*Your assignment*.
The listing below holds pictures; exclude them. Return exactly the lines from the one with "IKEA HENRIKSDAL Чехол" through the one with "Vysávač elektronický Aqua".

Task material: Begin

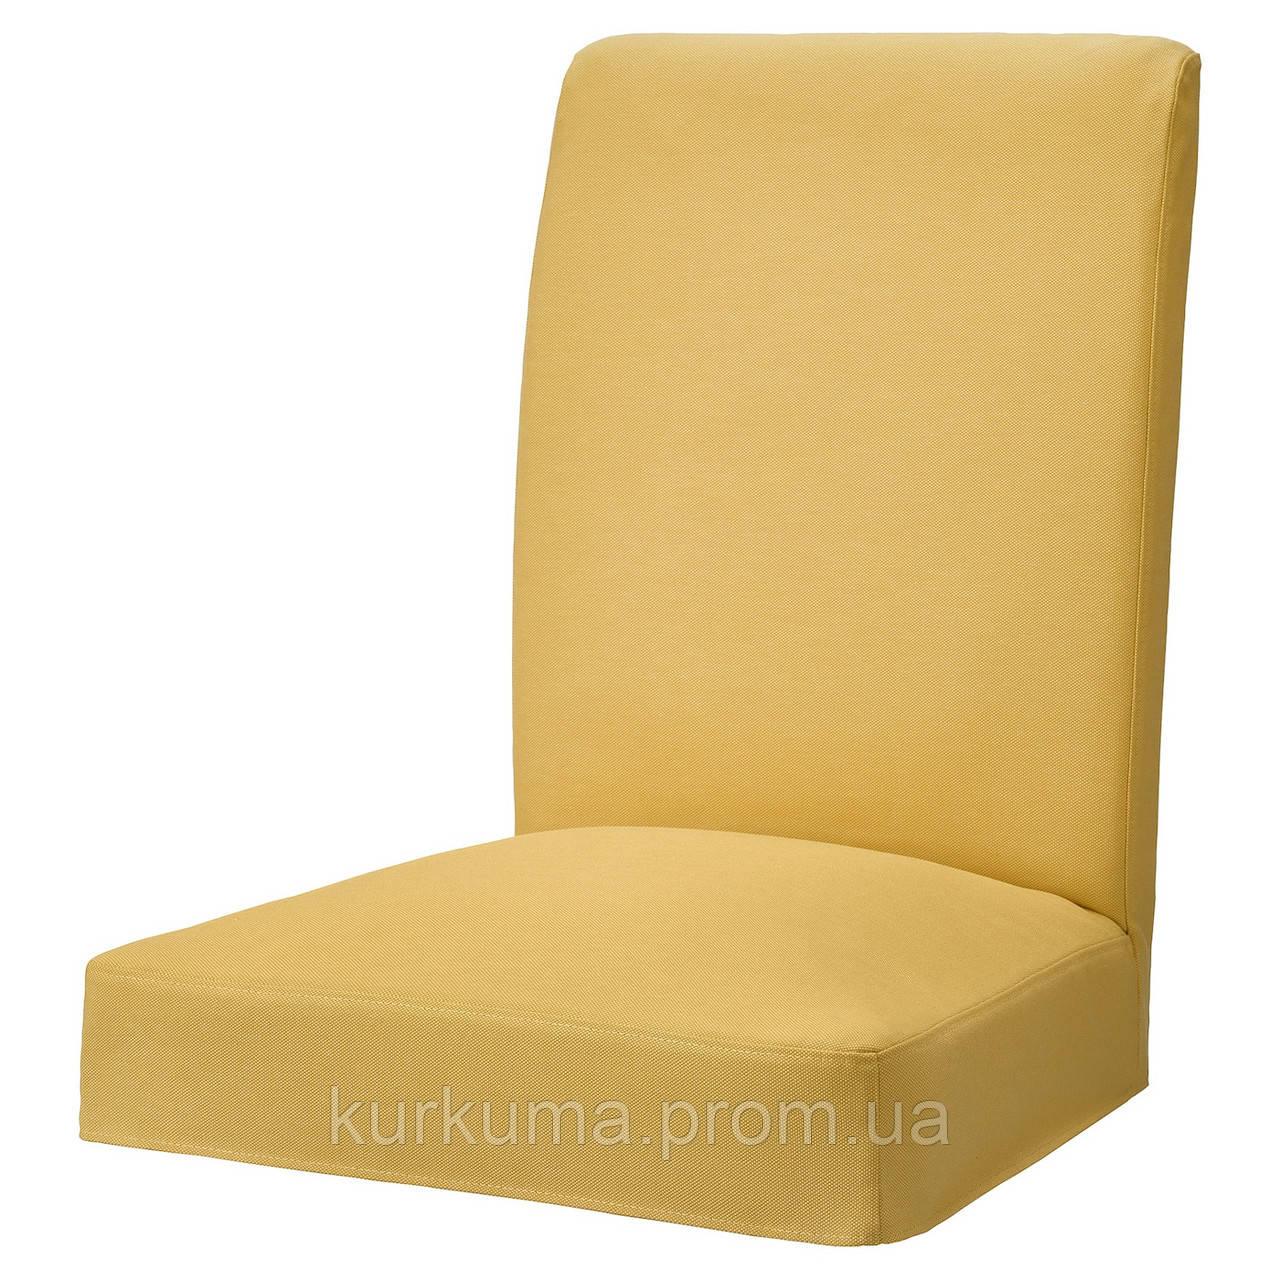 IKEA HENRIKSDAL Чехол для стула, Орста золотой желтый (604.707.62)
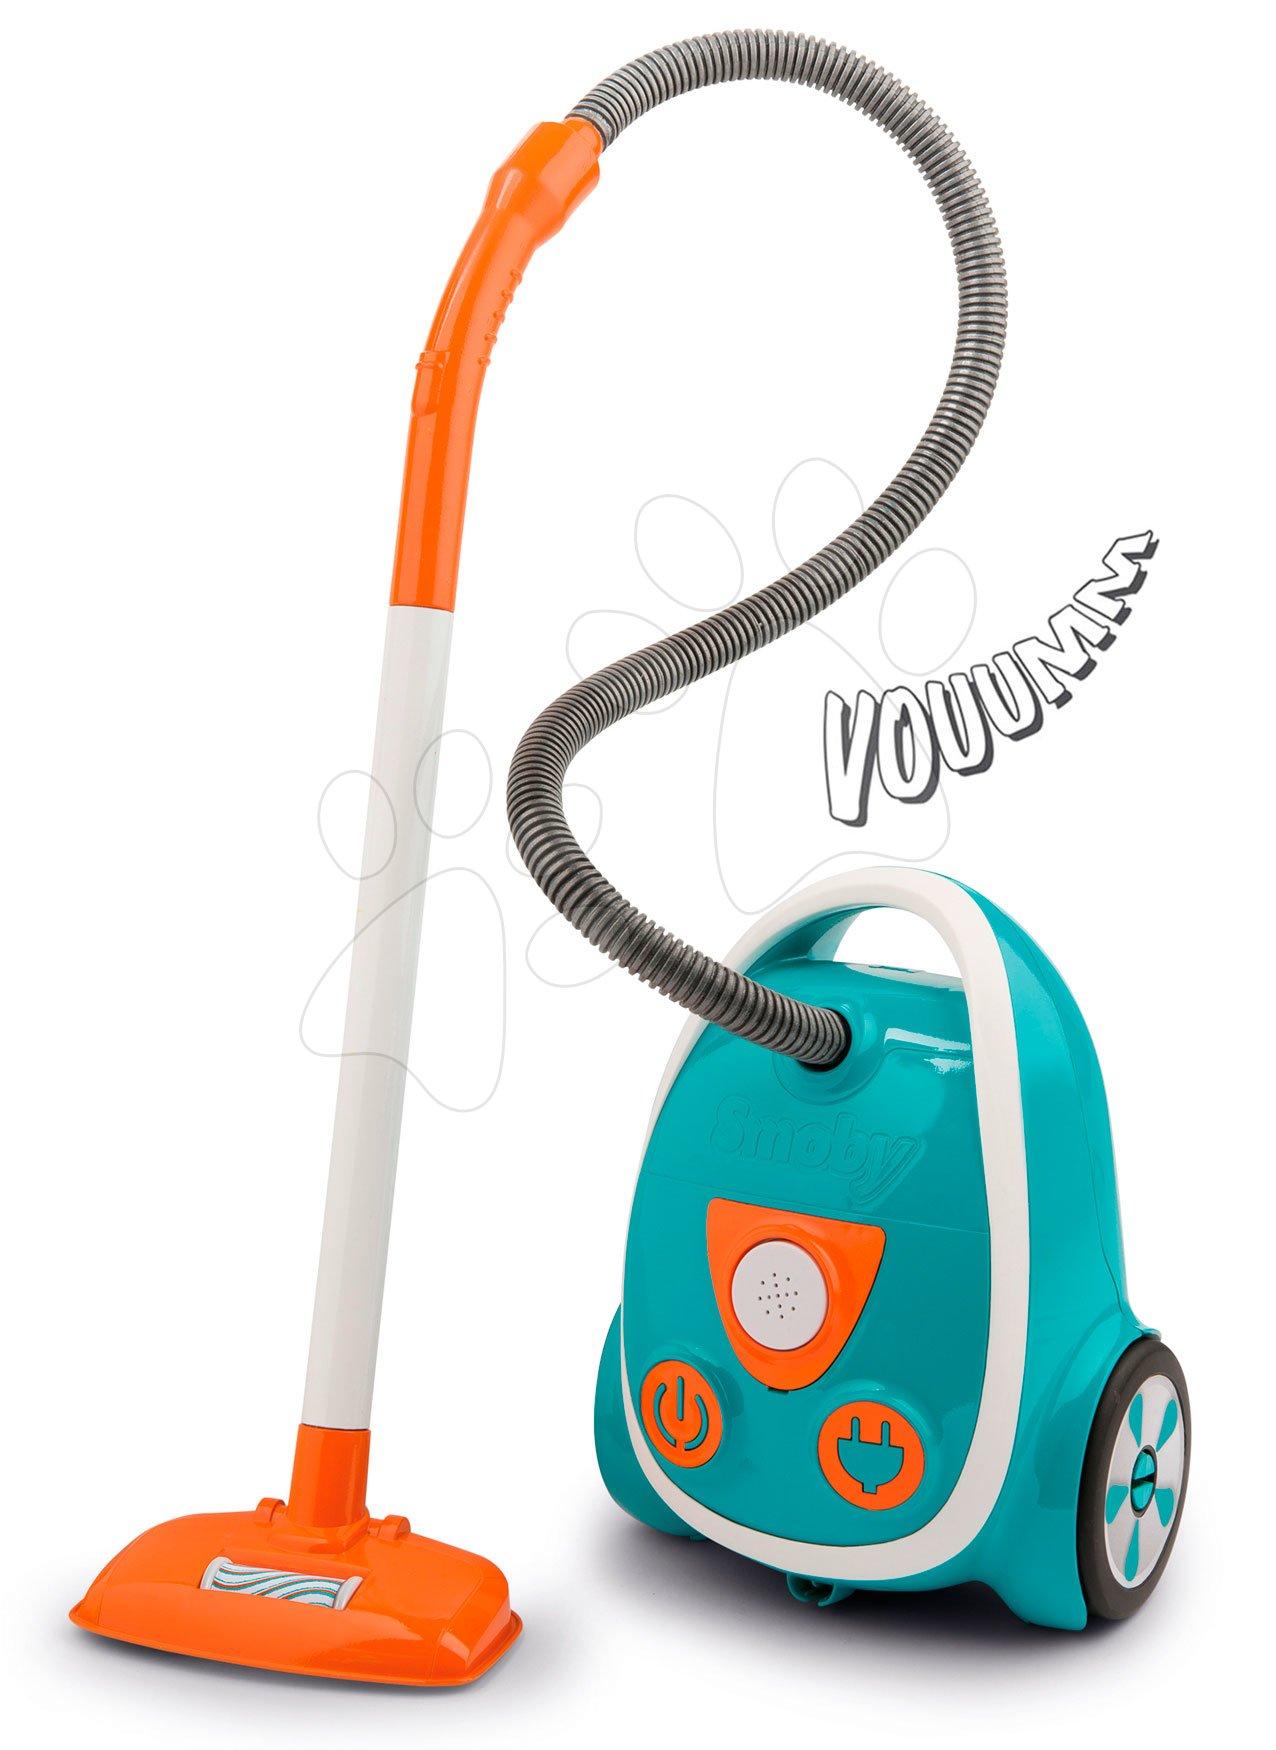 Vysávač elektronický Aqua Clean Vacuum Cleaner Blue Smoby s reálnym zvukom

Task material: End
Task material: Begin

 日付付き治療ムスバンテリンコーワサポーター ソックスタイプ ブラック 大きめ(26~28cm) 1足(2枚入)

Task material: End

*Solution to this problem*.
 IKEA HENRIKSDAL Чехол для стула, Орста золотой желтый (604.707.62)
 Vysávač elektronický Aqua Clean Vacuum Cleaner Blue Smoby s reálnym zvukom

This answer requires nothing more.